Les syndicats et les organisations patronales ont été directement consultés en juin 2004 au sujet du projet de loi de transposition de la directive sur l’implication des travailleurs dans les sociétés européennes. Ils ont répondu le mois suivant et leurs commentaires ont été pris en compte dans le texte présenté en janvier 2005. Par ailleurs, les chambres élues représentant les travailleurs et les employeurs ont pris part aux consultations officielles qui se sont tenues après la présentation du projet de loi. Les deux parties ont commenté le texte.

Malgré cette forte participation au projet de loi des syndicats et des employeurs et, plus généralement, des organes de représentation, il n’y a pas eu de débat public. Comme l’ont relevé les commentaires du gouvernement en janvier 2005, l’une des raisons en est que la directive n’a pas « introduit de concepts fondamentalement nouveaux dans le droit luxembourgeois du travail, que ce soit en termes d’approche globale ou de méthodes employées ».

Forme de transposition

La directive a été transposée par la loi en août 2006, près de deux ans après la date butoir fixée au mois d’octobre 2004.
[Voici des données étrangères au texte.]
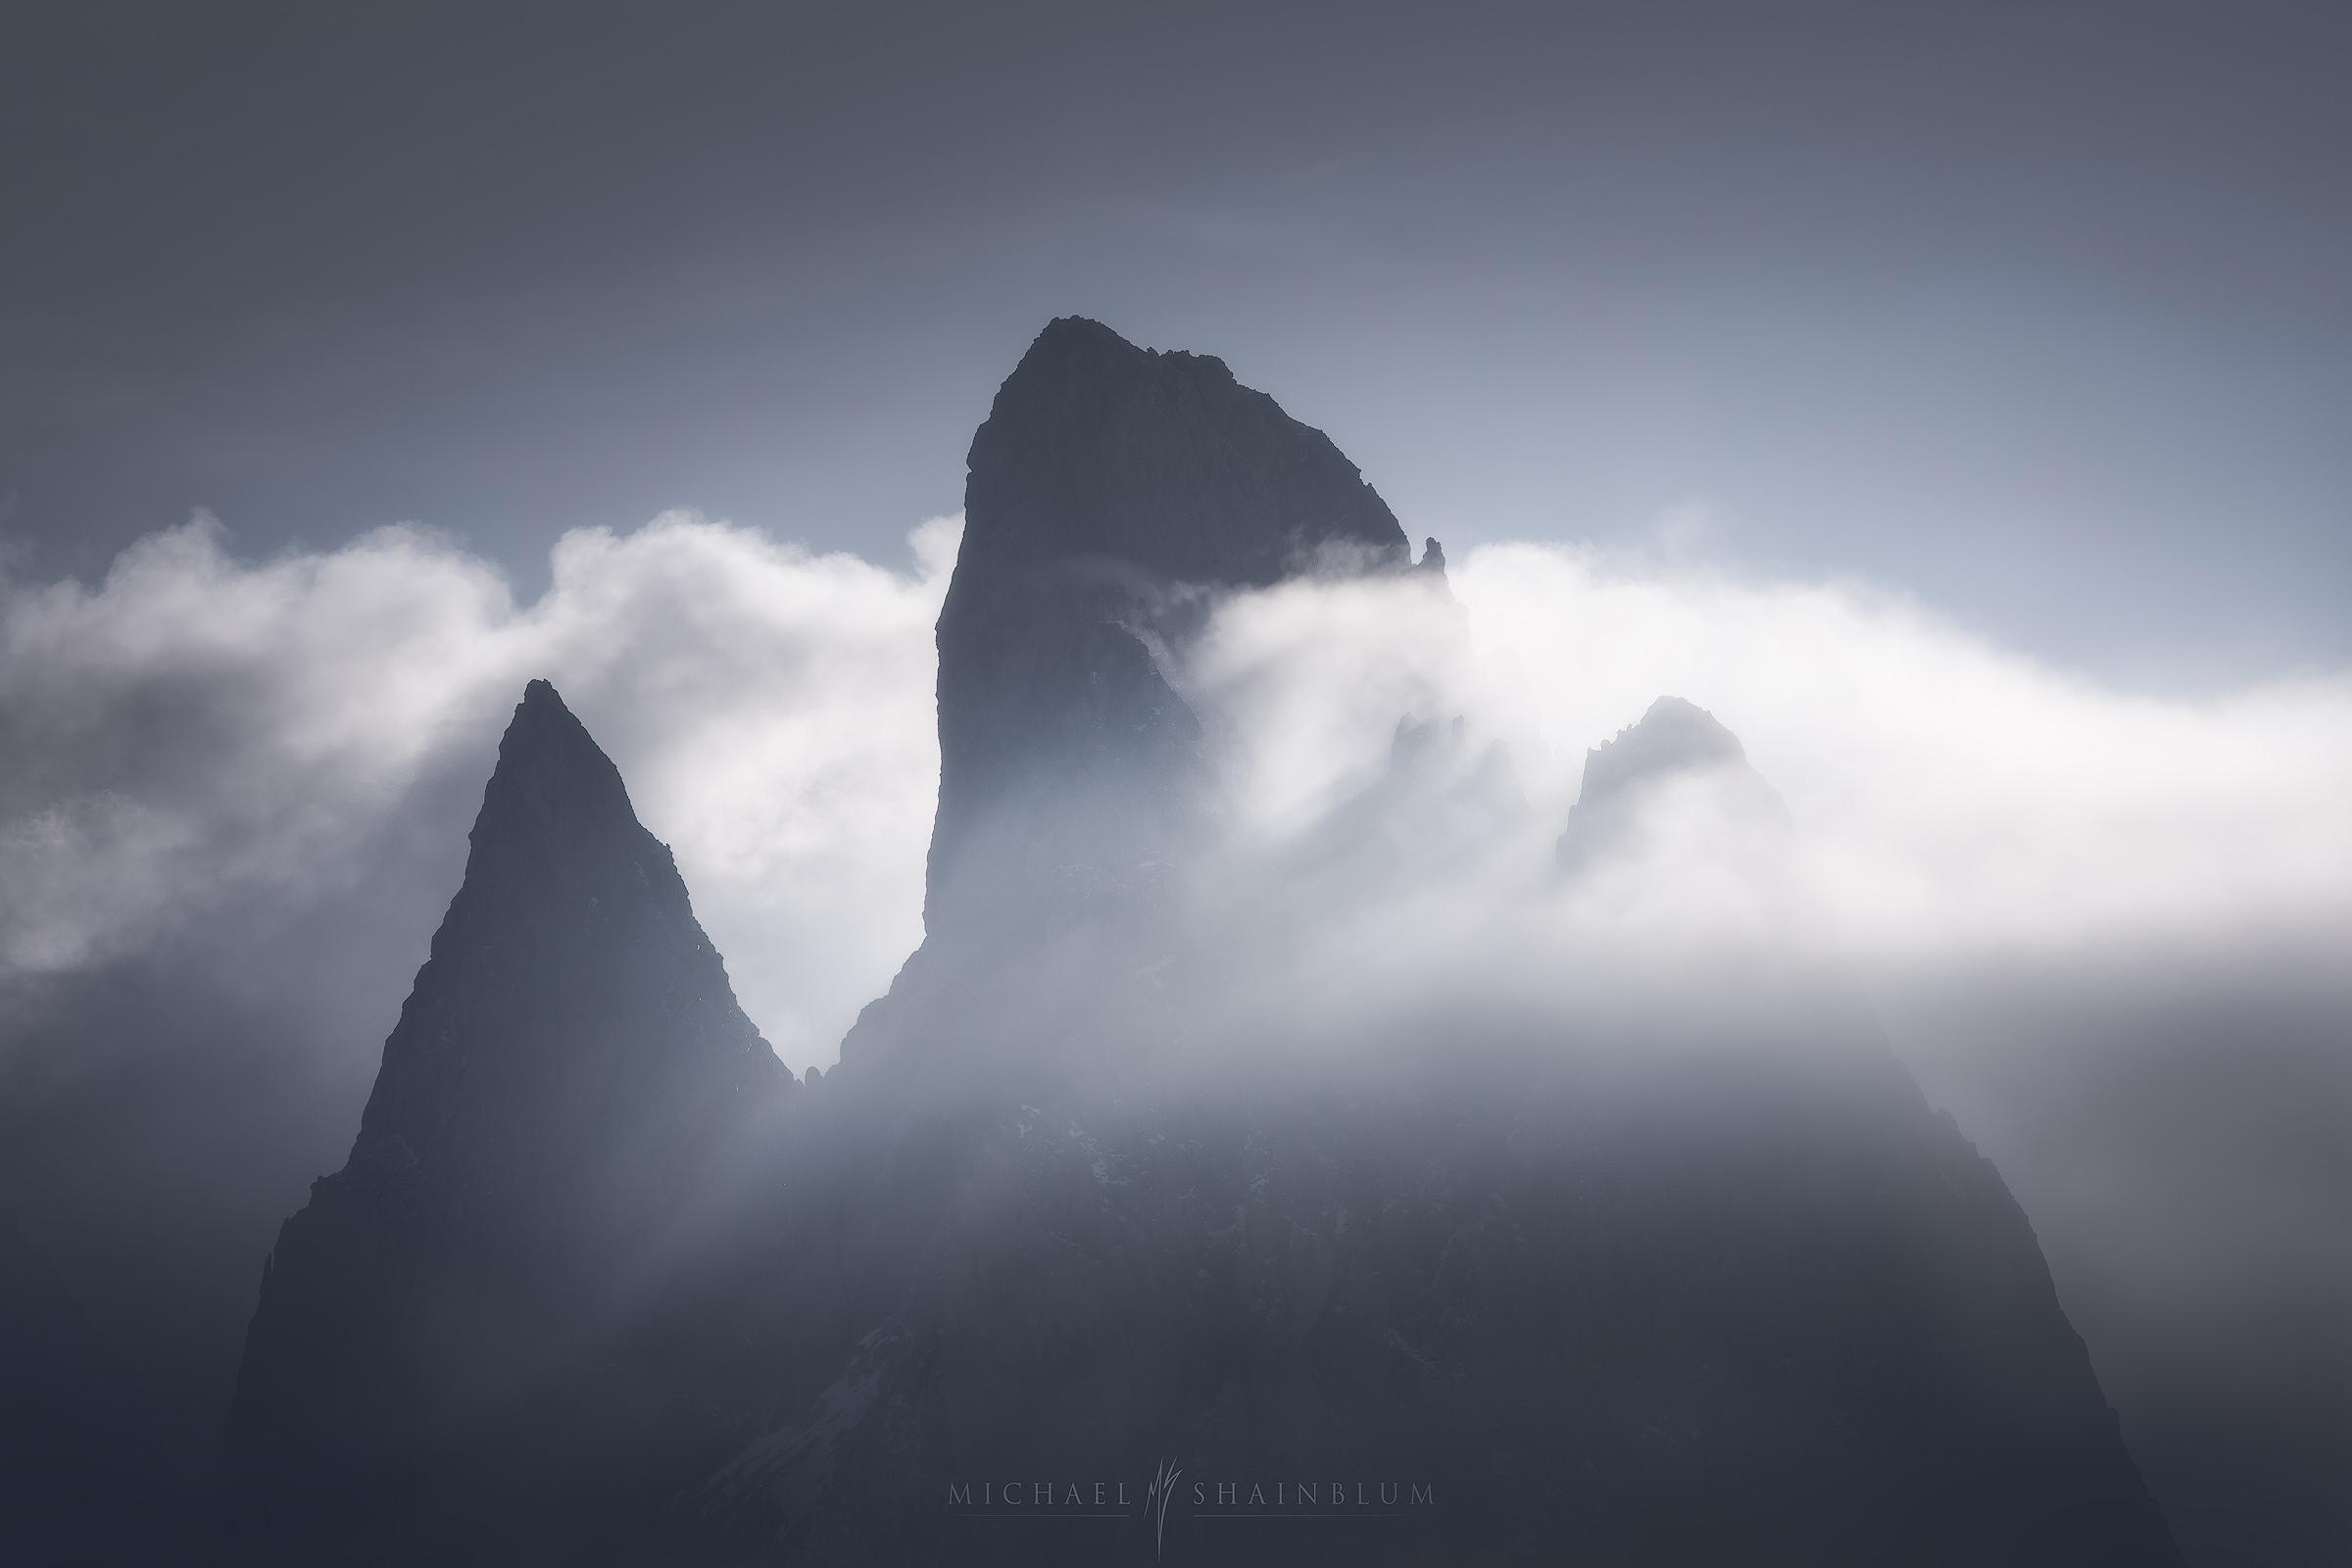 dolomites landscape photography

La directive sur l’implication des travailleurs dans les sociétés européennes a été transposée par la loi suivante, adoptée le 25 août 2006 et publiée au Journal officiel le 31 août 2006 : Loi du 25 août 2006 1. complétant le statut de la société européenne (SE) pour ce qui concerne l’implication des travailleurs et 2. modifiant la loi modifiée du 6 mai 1974 instituant des comités mixtes dans les entreprises du secteur privé et organisant la représentation des salariés dans les sociétés anonymes.

Une autre loi visant à conformer le droit luxembourgeois des sociétés au Règlement relatif au statut de la société européenne a été adoptée le même jour (25 août 2006).

Groupe spécial de négociation (GSN)

Désignation des membres nationaux

Les membres luxembourgeois du GSN sont désignés par les délégations du personnel - les représentants élus des travailleurs. S’il n’y a pas de délégation du personnel, ils sont élus directement par les travailleurs.

La législation détaille les modalités de désignation des membres luxembourgeois du GSN. Ils sont élus par les délégations du personnel, les représentants élus des travailleurs, qui doivent être présentes dans toutes les entreprises employant au moins 15 personnes. Les modalités varient selon s’il existe une seule délégation ou des délégations distinctes représentant les travailleurs manuels et non manuels. Des délégations séparées doivent être mises en place dans les entreprises employant plus de 100 salariés où au moins 15 % des travailleurs appartiennent à l’une ou l’autre de ces catégories de personnel. Les délégués peuvent néanmoins décider de constituer une seule délégation s’ils le souhaitent.

Lorsqu’il n’y a qu’une seule délégation du personnel, les membres du GSN sont élus par cette dernière à la majorité simple. Lorsqu’il y a deux délégations distinctes pour les travailleurs manuels et les travailleurs non manuels, le premier membre du GSN est élu par le groupe représentant la majorité du personnel (les deux premiers membres si ce groupe représente plus des deux tiers du personnel) et le(s) suppléant(s) sont désigné(s) par l’autre groupe. Les autres membres luxembourgeois du GSN sont désignés par les membres des deux délégations à la majorité simple.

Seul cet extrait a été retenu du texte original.